### DIRECTIONS FOR THIS TASK:
Give all of the data again exactly as written, omitting every image.

### SUPPLIED DATA:
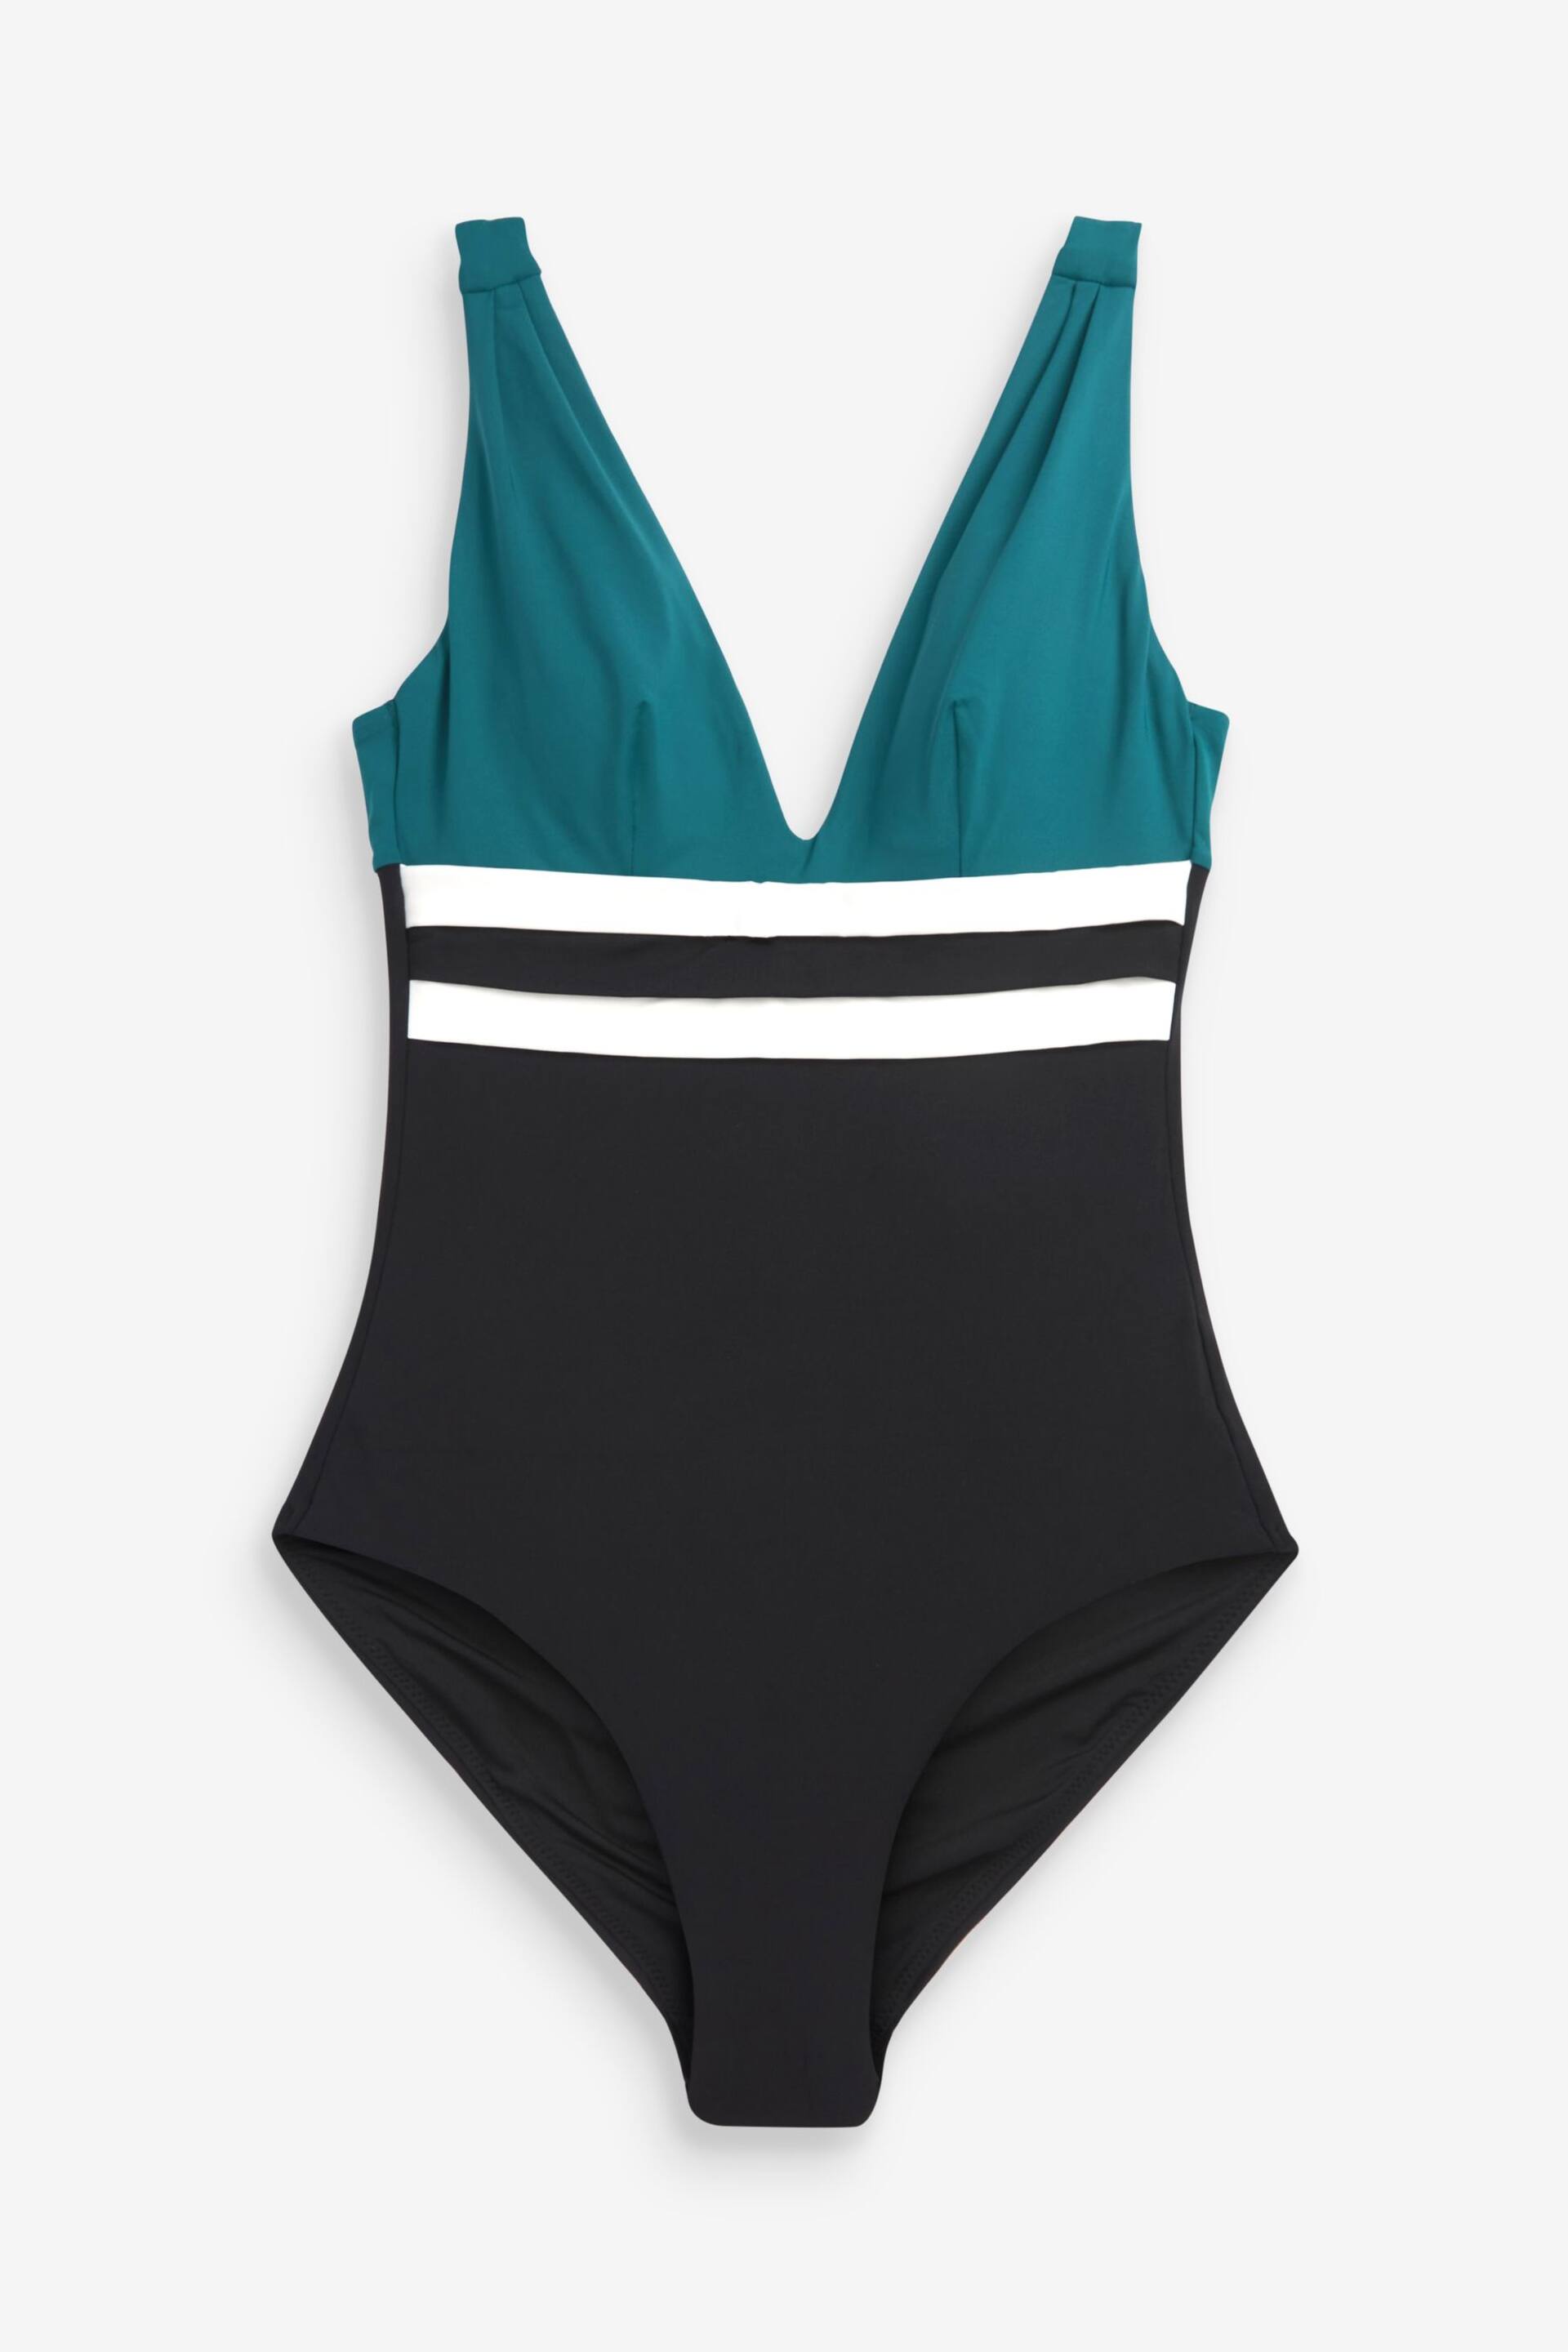 Teal Green Colourblock Print Plunge Tummy Shaping Control Swimsuit - Image 5 of 6
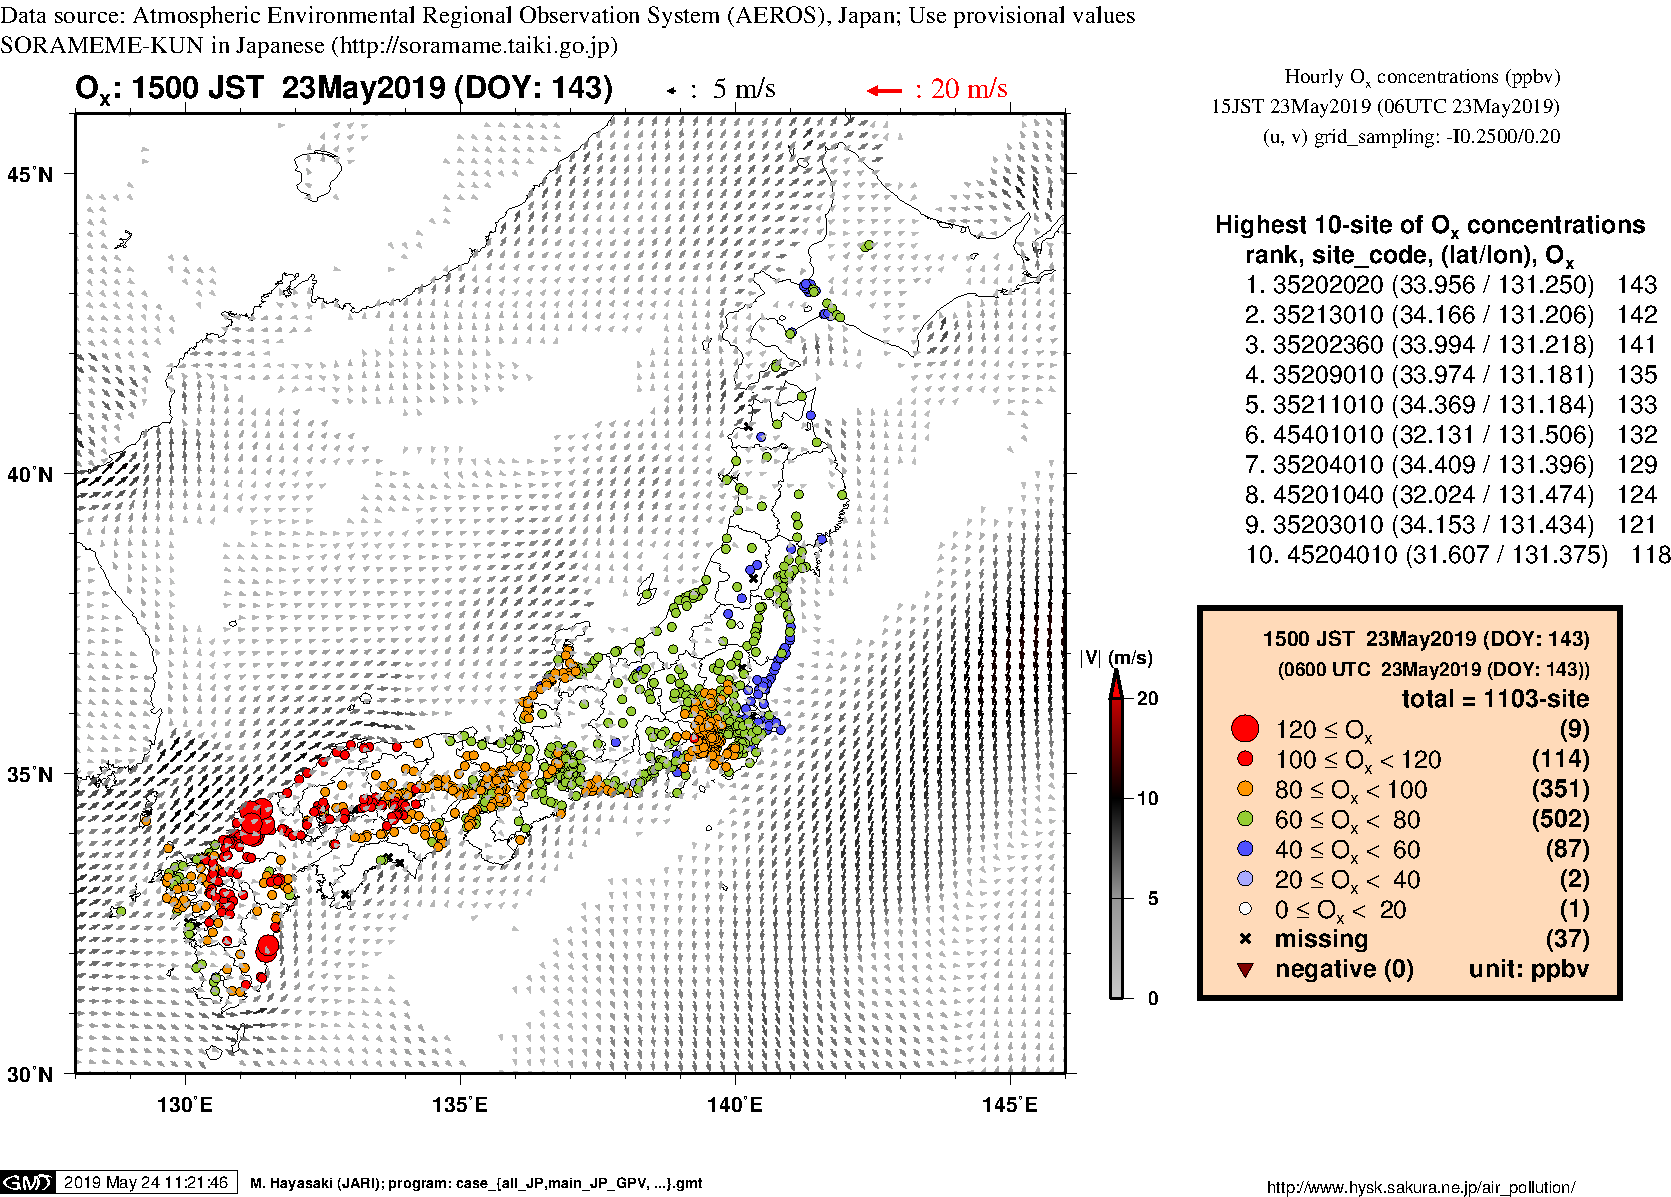 Ox concentration in mainland Japan (15JST 23May2019)
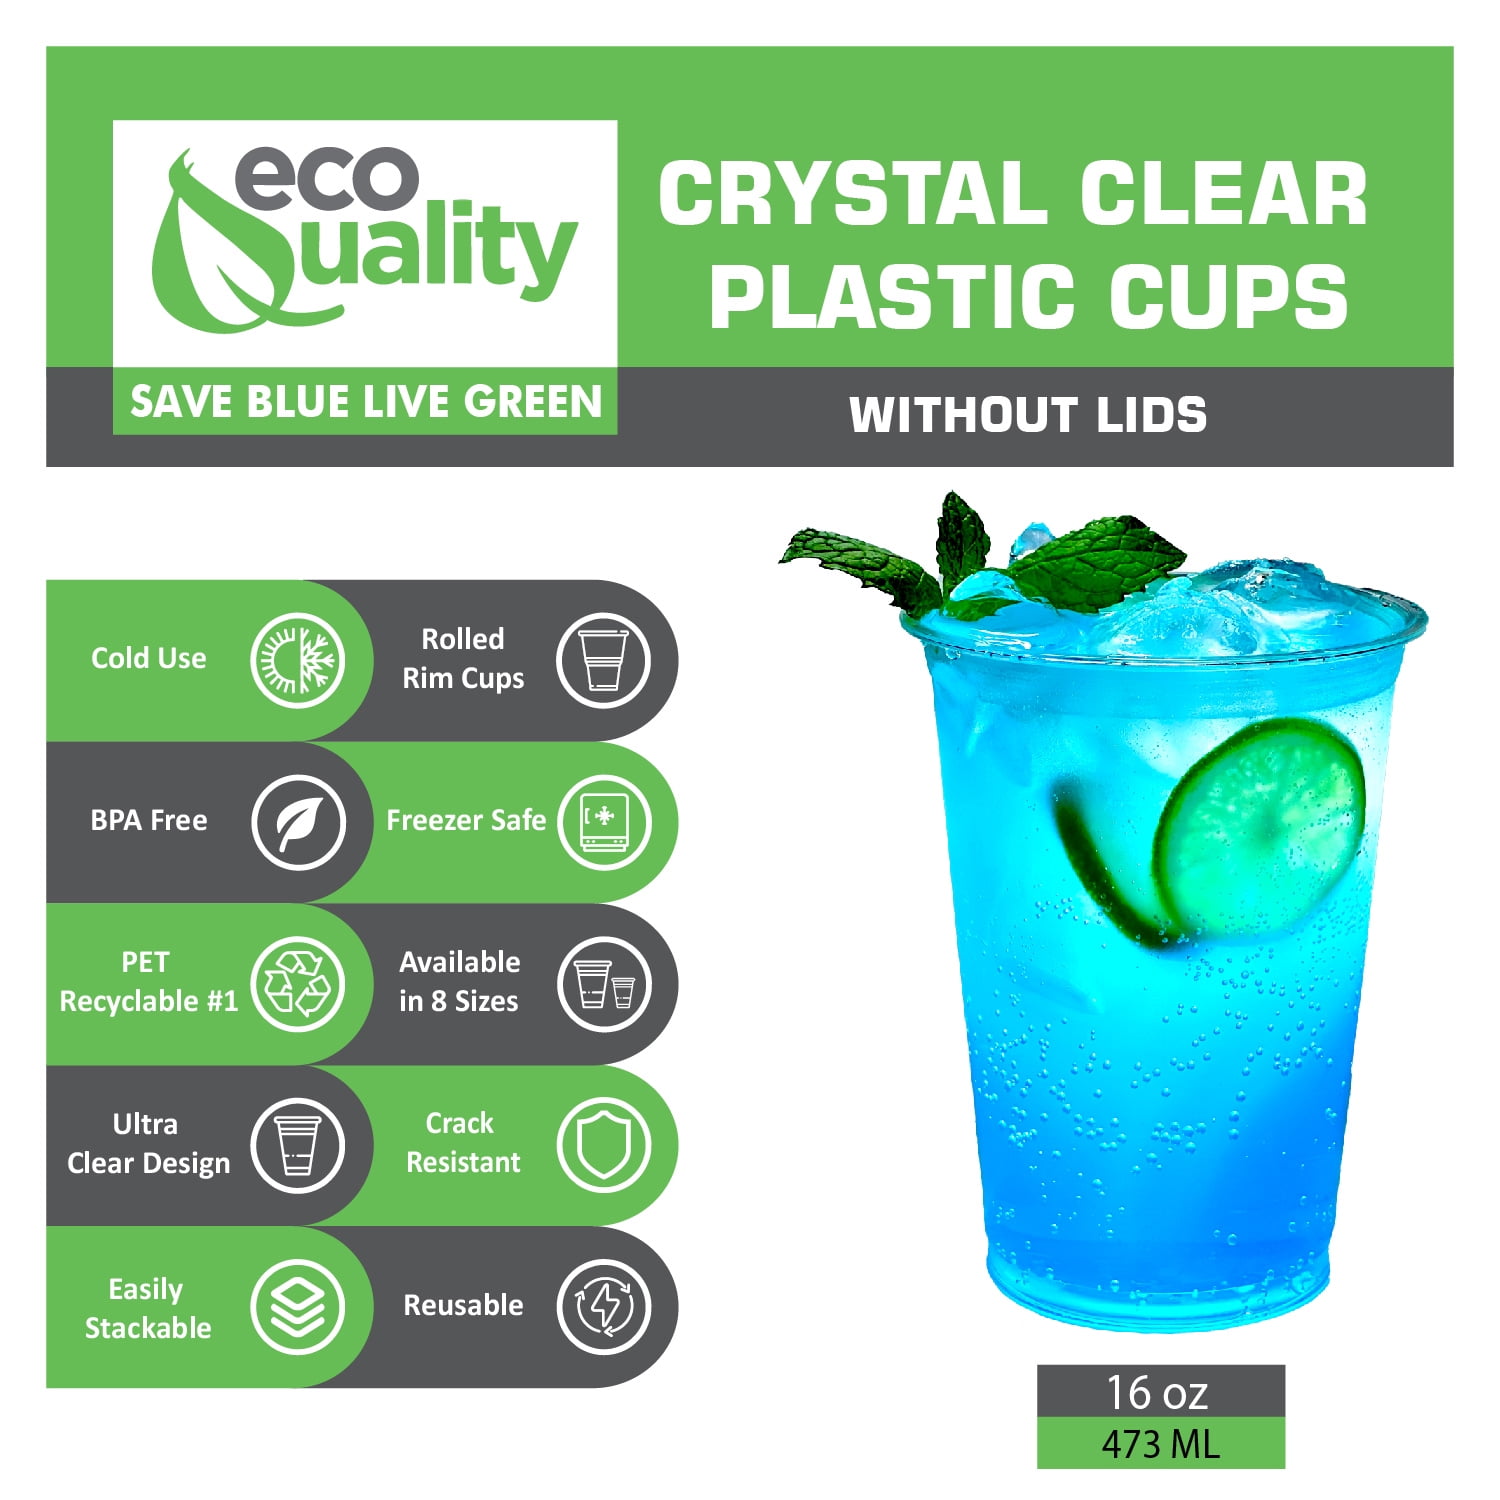 Custom Clear Plastic Cup - 16 Oz PET Plastic Cup for Cold Beverages

### RESPONSE TO THE EXERCISE:
 Teal Green Colourblock Print Plunge Tummy Shaping Control Swimsuit - Image 5 of 6
 Ox concentration in mainland Japan (15JST 23May2019)
 Custom Clear Plastic Cup - 16 Oz PET Plastic Cup for Cold Beverages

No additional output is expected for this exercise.